Hawkins wrote:I wouldn't be so quick to say gaming companies have been missing something. While I too enjoy the free for all style of UO, it's not a sound business model for a game. The stark reality of gaming is, most people do it casually, for fun. They aren't overly competitive, they have 1-2 hours a night to dedicate to the game, and they want to get right into the action.

I dont know if this has alreaddy been mentioned, since I havent read the entire thead yet... but I disagree. Maybe we have different meanings to what is called a casual gamer.

To me UO is the perfect game for casual gamers. There's no grinding except when you first start, and there's nothing in the game that cant be obtained rather easily. I was a casual gamer. I played a few hours a day, and rarely played on weekends. I loved UO though because it WAS a game i could log onto and get right into the action.

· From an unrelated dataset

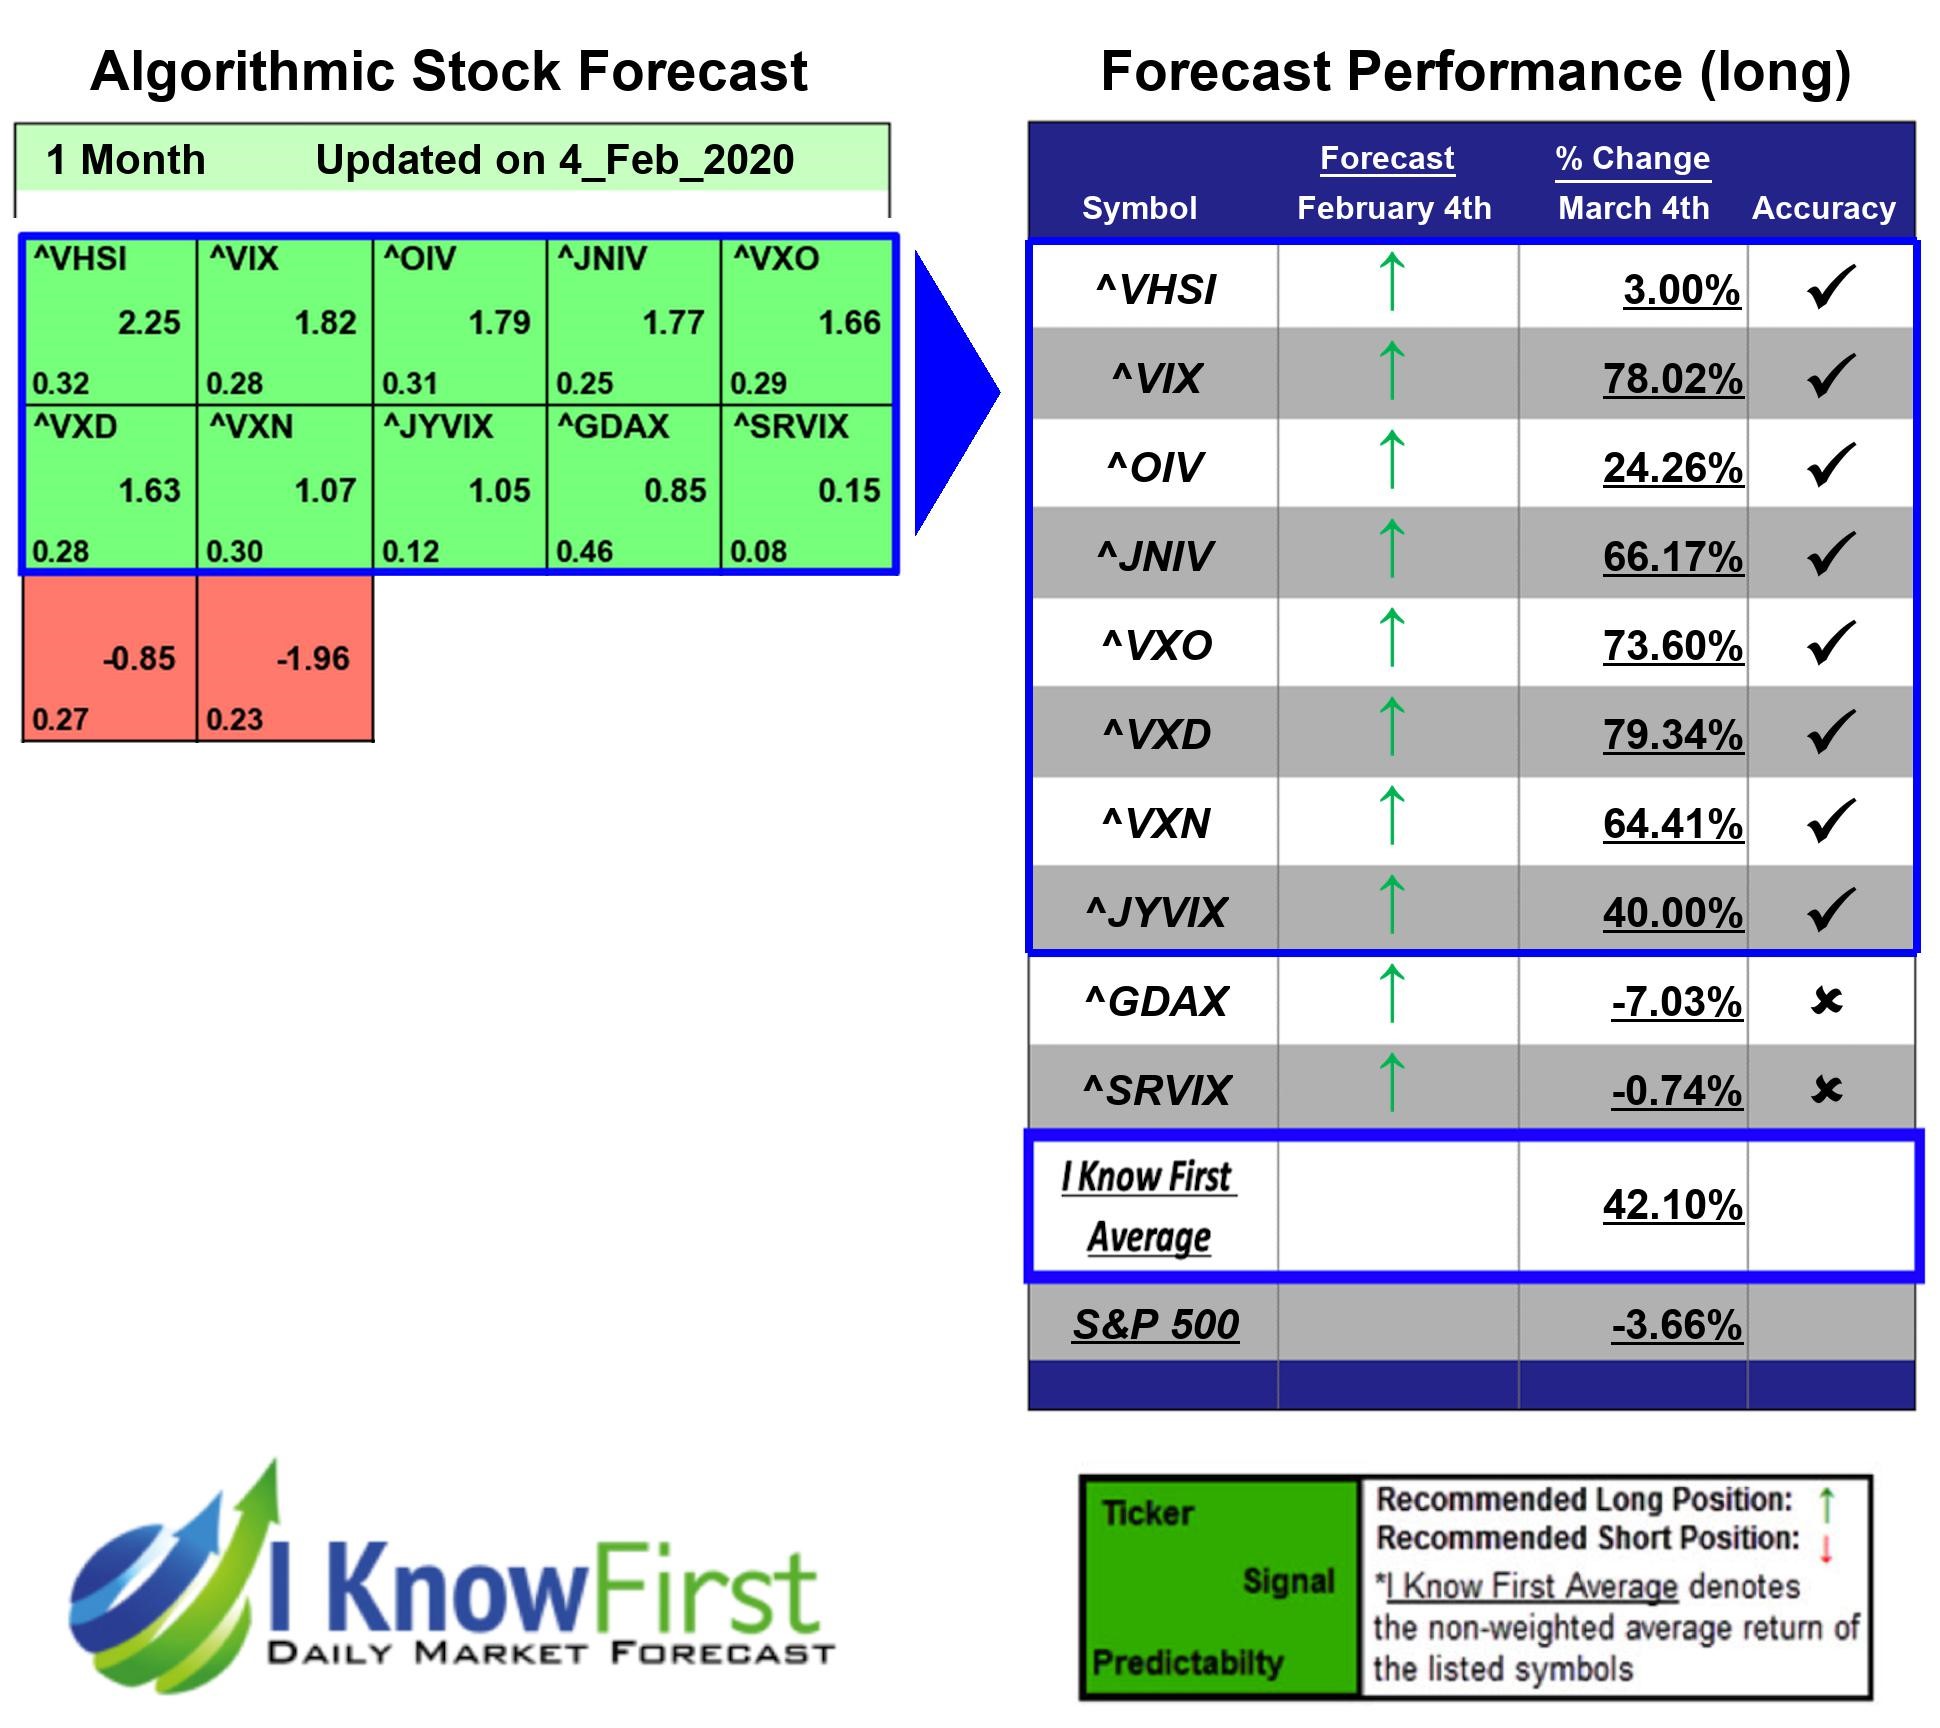 Volatility Forecasting

Once your skills are maxed, all you gotta have is regs and a weapon you can pretty much PvP all you want.

Also, I think the key thing the gaming industry has gone to is a risk/reward system. The game of this era is WoW and it is geared the exact opposite of UO. It has 100x more grinding to it. Most guilds have to grind all day to get supplies to raid that night. BUT when they raid and kill monsters, they get epic gear which gives them a concrete reason to be proud of their characters. They also took the danger out of games, which is another facet of UO that made it unique.

UO started leaning towards this new trend when they introduced power scrolls and trammel... and it went down hill from there.

UO wasnt about grinding or gear... or even raiding. It wasnt WHAT you did in UO that made it fun, it was WHO you did it with and against.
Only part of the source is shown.